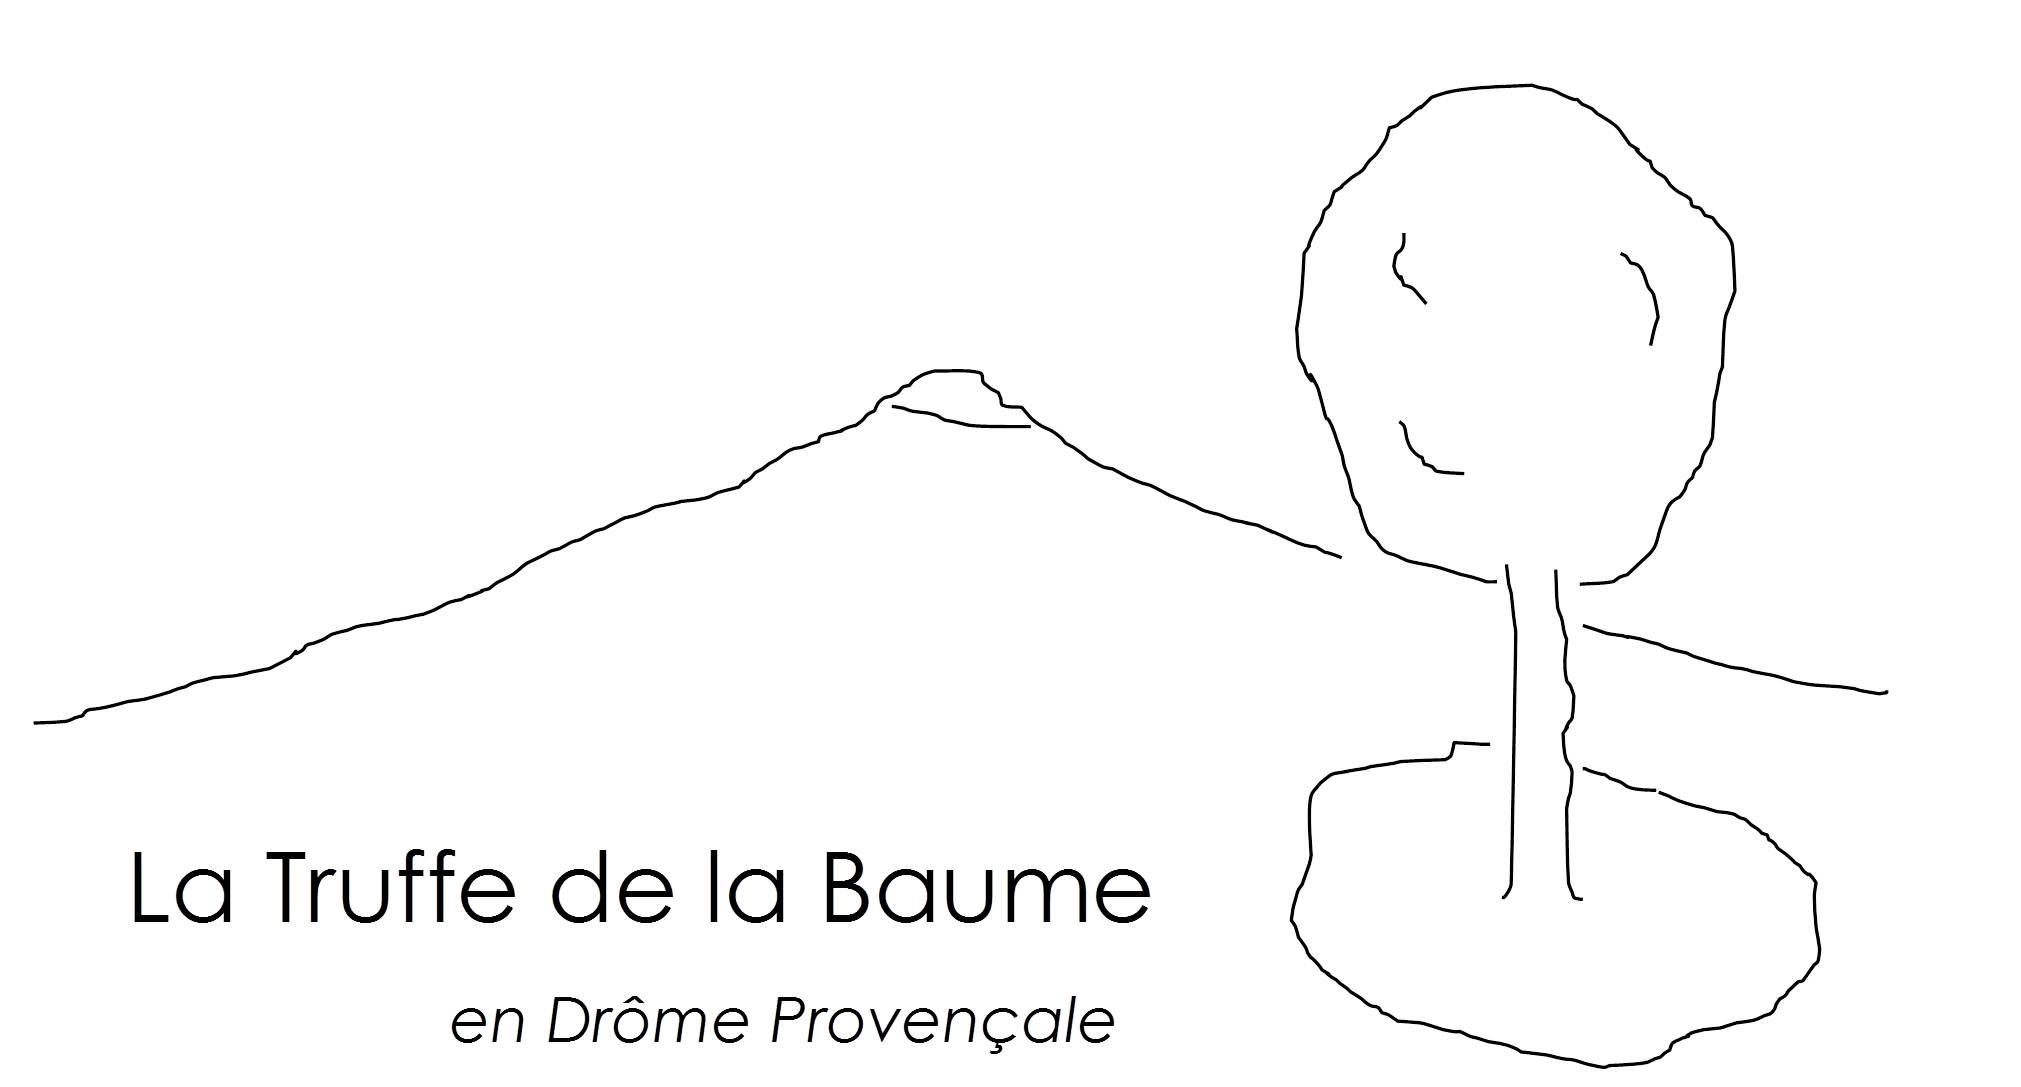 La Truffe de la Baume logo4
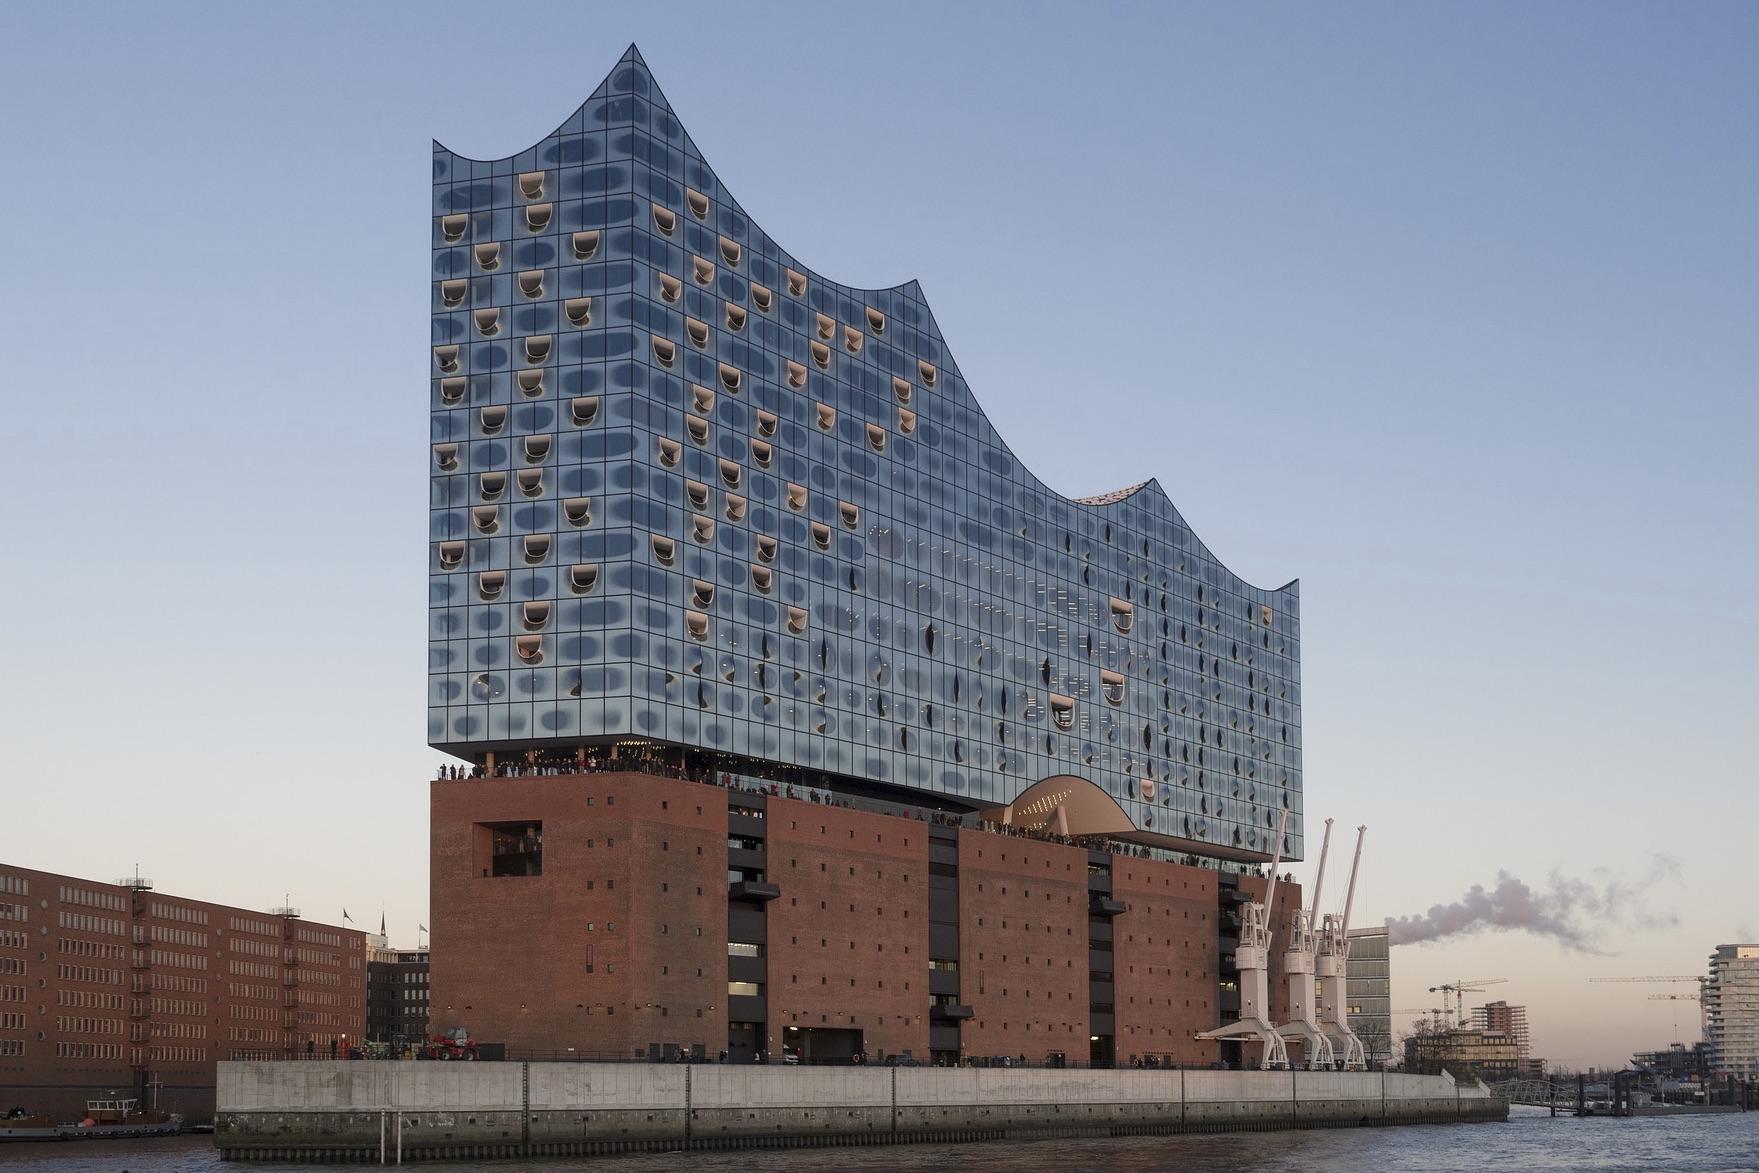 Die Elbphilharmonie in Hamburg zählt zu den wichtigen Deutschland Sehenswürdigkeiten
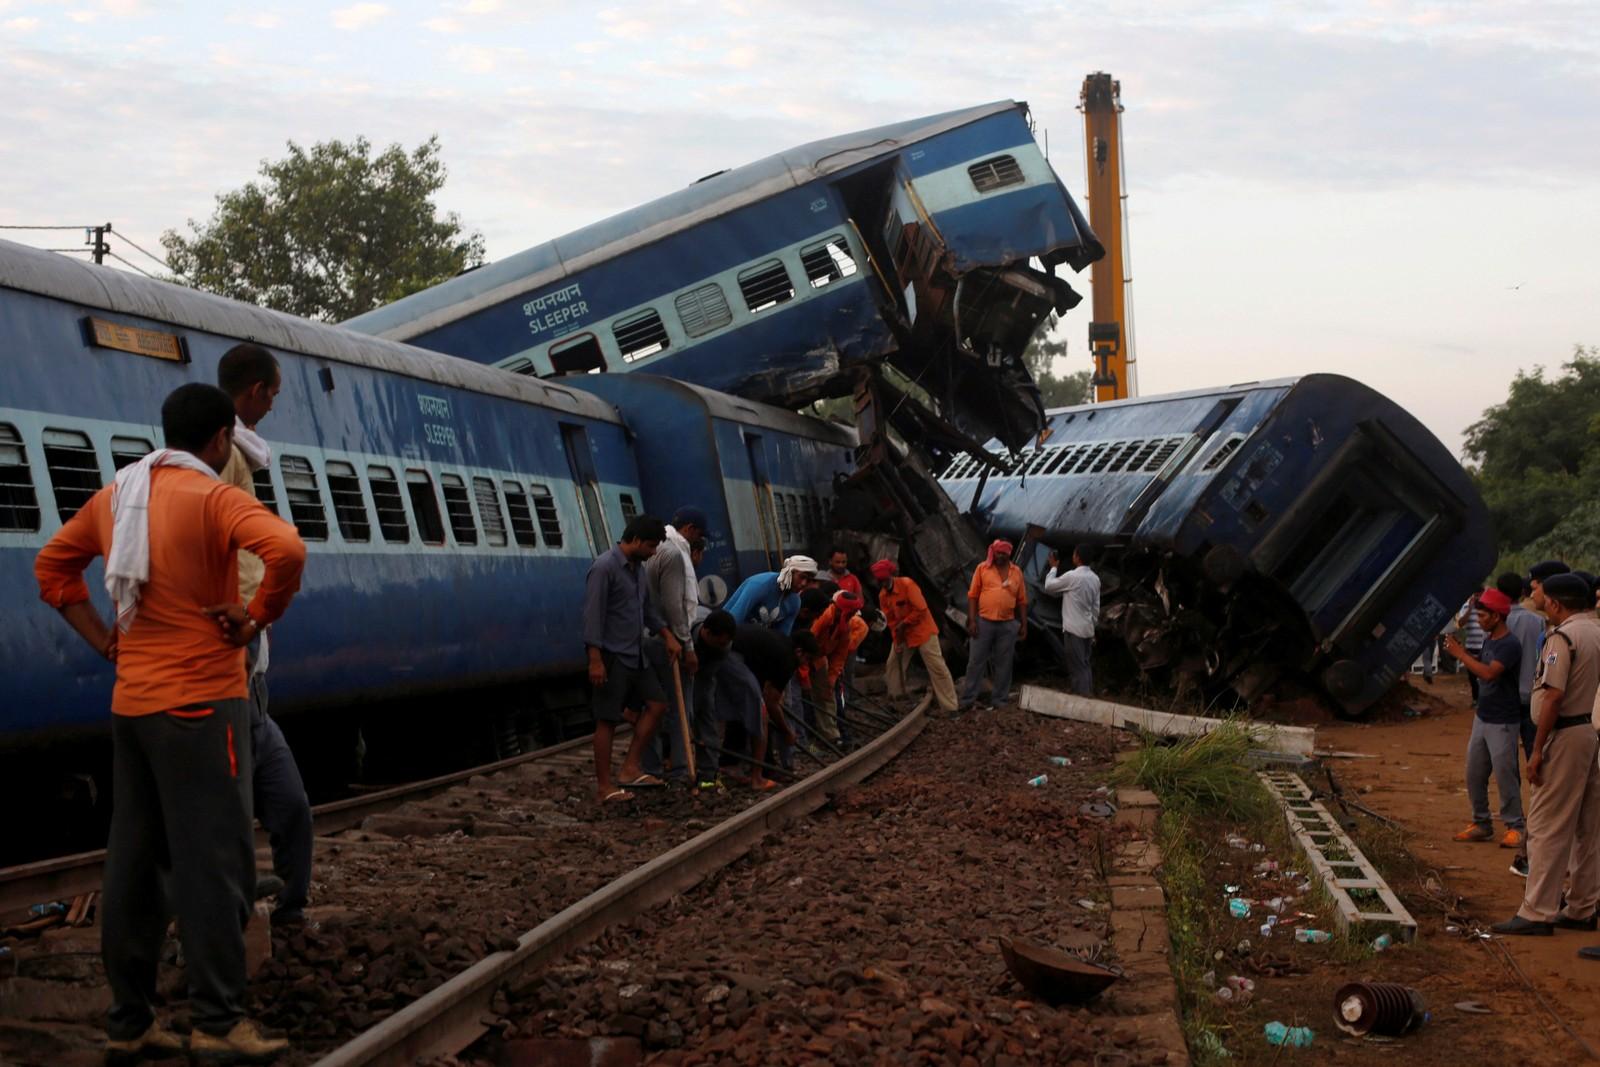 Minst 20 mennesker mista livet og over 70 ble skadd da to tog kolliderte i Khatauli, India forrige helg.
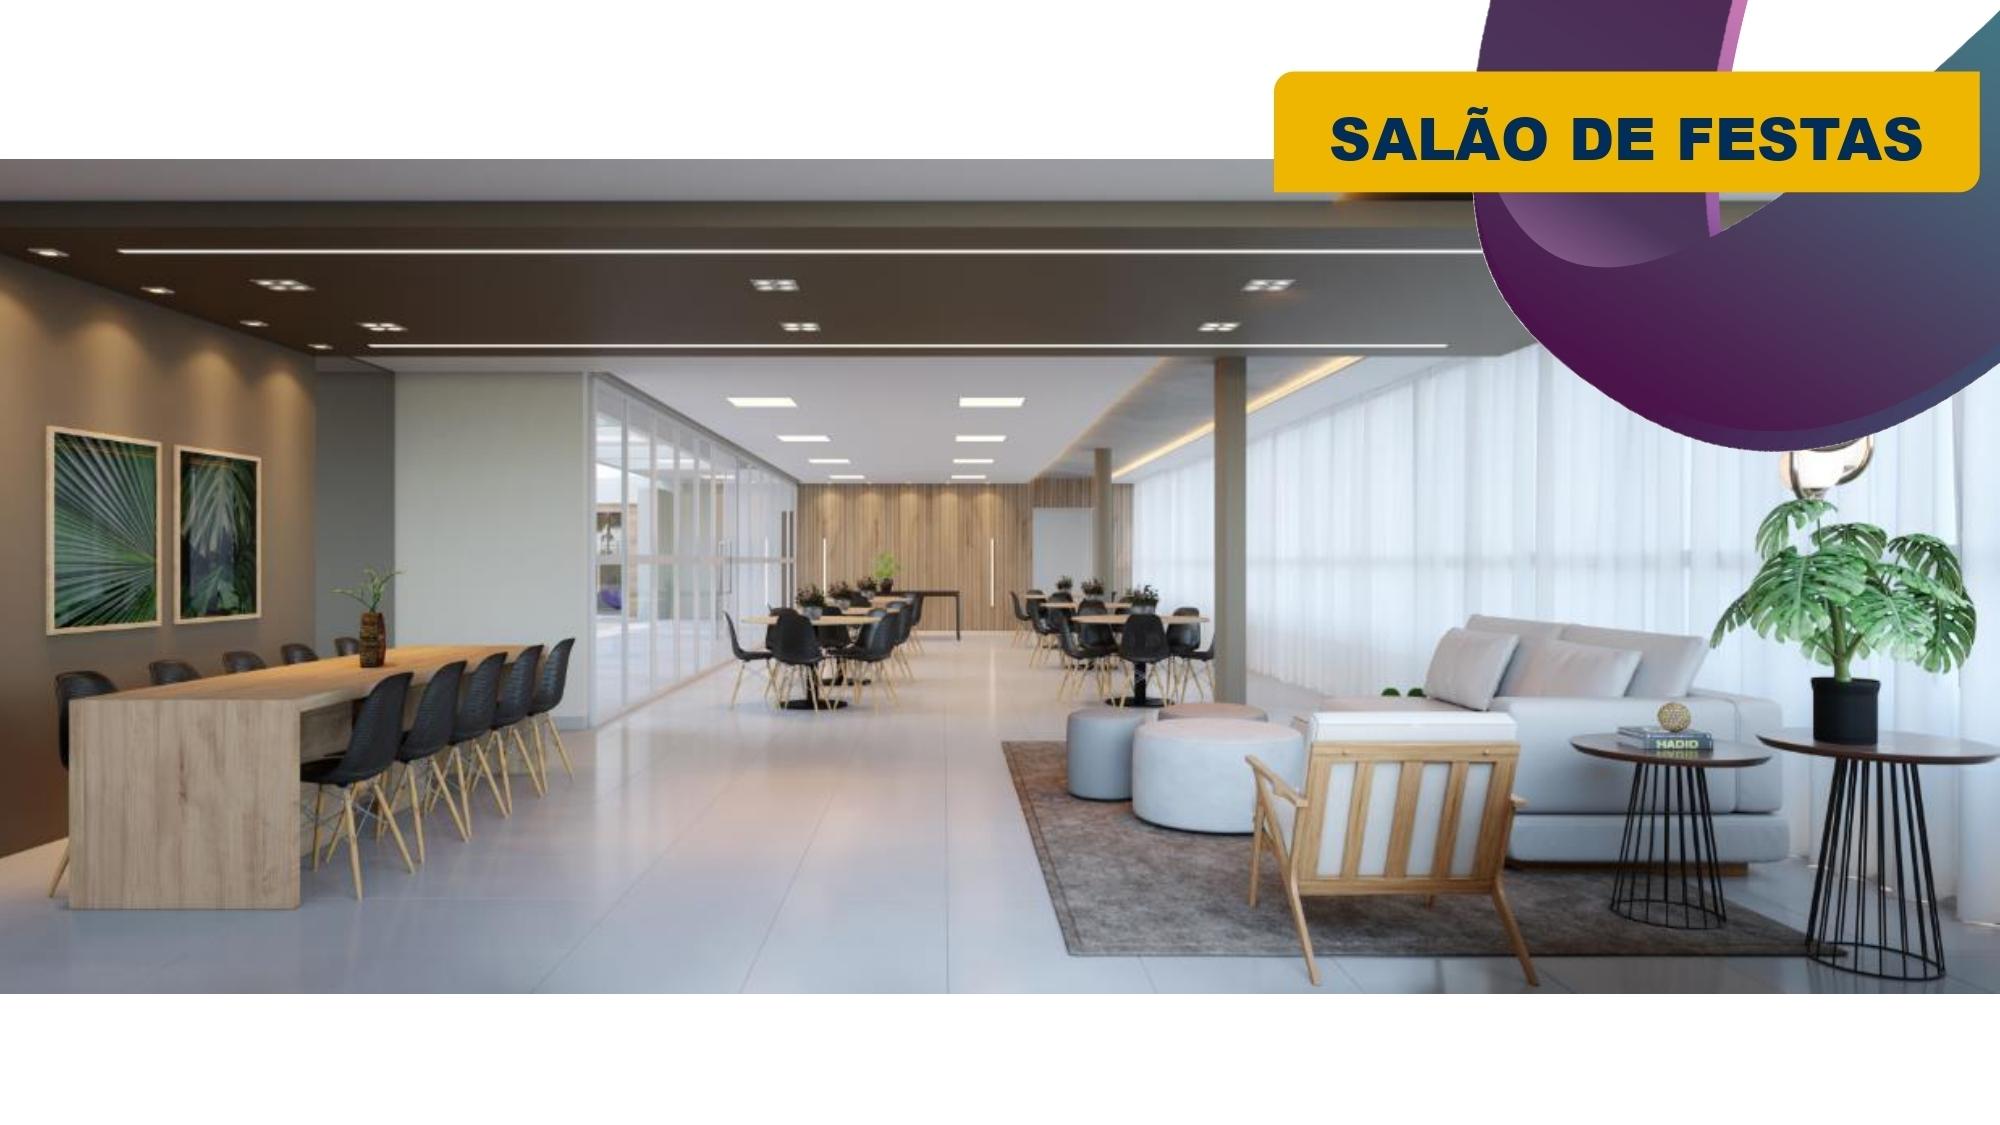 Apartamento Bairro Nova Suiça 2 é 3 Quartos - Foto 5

--- --- ---

### TO DO
Keep every word of the lines above unchanged in the copy, and omit the pictures.

### ANSWER
 La Truffe de la Baume logo4
 Die Elbphilharmonie in Hamburg zählt zu den wichtigen Deutschland Sehenswürdigkeiten
 Minst 20 mennesker mista livet og over 70 ble skadd da to tog kolliderte i Khatauli, India forrige helg.
 Apartamento Bairro Nova Suiça 2 é 3 Quartos - Foto 5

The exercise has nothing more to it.